** WORK TASK **
Repeat the entries exactly. Leave nothing out.

** Saved data entries **
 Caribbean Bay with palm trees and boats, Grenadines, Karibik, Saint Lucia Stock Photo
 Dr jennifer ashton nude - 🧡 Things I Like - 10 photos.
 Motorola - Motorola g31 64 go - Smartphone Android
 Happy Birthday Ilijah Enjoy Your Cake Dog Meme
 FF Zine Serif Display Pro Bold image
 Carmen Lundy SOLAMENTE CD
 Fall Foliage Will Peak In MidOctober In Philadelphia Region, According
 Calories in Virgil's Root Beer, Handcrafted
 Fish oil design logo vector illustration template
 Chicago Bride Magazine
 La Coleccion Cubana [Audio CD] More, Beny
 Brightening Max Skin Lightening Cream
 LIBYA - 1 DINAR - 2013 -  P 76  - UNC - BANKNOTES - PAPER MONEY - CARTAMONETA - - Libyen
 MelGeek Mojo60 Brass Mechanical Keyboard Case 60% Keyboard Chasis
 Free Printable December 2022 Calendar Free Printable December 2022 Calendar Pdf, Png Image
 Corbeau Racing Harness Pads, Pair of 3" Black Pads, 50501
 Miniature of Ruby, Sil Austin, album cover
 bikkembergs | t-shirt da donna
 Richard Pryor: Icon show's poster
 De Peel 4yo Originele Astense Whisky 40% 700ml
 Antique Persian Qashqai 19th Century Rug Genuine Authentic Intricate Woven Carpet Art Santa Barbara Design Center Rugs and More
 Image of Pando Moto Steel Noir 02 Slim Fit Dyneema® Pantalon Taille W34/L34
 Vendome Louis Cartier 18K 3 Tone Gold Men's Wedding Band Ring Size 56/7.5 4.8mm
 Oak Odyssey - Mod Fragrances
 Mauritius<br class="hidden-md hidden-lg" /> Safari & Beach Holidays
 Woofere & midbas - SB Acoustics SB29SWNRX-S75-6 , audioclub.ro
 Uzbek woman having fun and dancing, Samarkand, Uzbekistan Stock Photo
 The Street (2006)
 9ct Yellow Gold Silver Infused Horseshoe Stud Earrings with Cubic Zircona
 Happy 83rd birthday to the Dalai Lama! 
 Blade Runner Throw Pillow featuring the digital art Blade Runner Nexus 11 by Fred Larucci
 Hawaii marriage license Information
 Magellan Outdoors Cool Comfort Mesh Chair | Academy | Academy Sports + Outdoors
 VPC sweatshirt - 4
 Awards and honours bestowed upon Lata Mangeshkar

** EXPECTED ANSWER **
 Caribbean Bay with palm trees and boats, Grenadines, Karibik, Saint Lucia Stock Photo
 Dr jennifer ashton nude - 🧡 Things I Like - 10 photos.
 Motorola - Motorola g31 64 go - Smartphone Android
 Happy Birthday Ilijah Enjoy Your Cake Dog Meme
 FF Zine Serif Display Pro Bold image
 Carmen Lundy SOLAMENTE CD
 Fall Foliage Will Peak In MidOctober In Philadelphia Region, According
 Calories in Virgil's Root Beer, Handcrafted
 Fish oil design logo vector illustration template
 Chicago Bride Magazine
 La Coleccion Cubana [Audio CD] More, Beny
 Brightening Max Skin Lightening Cream
 LIBYA - 1 DINAR - 2013 -  P 76  - UNC - BANKNOTES - PAPER MONEY - CARTAMONETA - - Libyen
 MelGeek Mojo60 Brass Mechanical Keyboard Case 60% Keyboard Chasis
 Free Printable December 2022 Calendar Free Printable December 2022 Calendar Pdf, Png Image
 Corbeau Racing Harness Pads, Pair of 3" Black Pads, 50501
 Miniature of Ruby, Sil Austin, album cover
 bikkembergs | t-shirt da donna
 Richard Pryor: Icon show's poster
 De Peel 4yo Originele Astense Whisky 40% 700ml
 Antique Persian Qashqai 19th Century Rug Genuine Authentic Intricate Woven Carpet Art Santa Barbara Design Center Rugs and More
 Image of Pando Moto Steel Noir 02 Slim Fit Dyneema® Pantalon Taille W34/L34
 Vendome Louis Cartier 18K 3 Tone Gold Men's Wedding Band Ring Size 56/7.5 4.8mm
 Oak Odyssey - Mod Fragrances
 Mauritius<br class="hidden-md hidden-lg" /> Safari & Beach Holidays
 Woofere & midbas - SB Acoustics SB29SWNRX-S75-6 , audioclub.ro
 Uzbek woman having fun and dancing, Samarkand, Uzbekistan Stock Photo
 The Street (2006)
 9ct Yellow Gold Silver Infused Horseshoe Stud Earrings with Cubic Zircona
 Happy 83rd birthday to the Dalai Lama! 
 Blade Runner Throw Pillow featuring the digital art Blade Runner Nexus 11 by Fred Larucci
 Hawaii marriage license Information
 Magellan Outdoors Cool Comfort Mesh Chair | Academy | Academy Sports + Outdoors
 VPC sweatshirt - 4
 Awards and honours bestowed upon Lata Mangeshkar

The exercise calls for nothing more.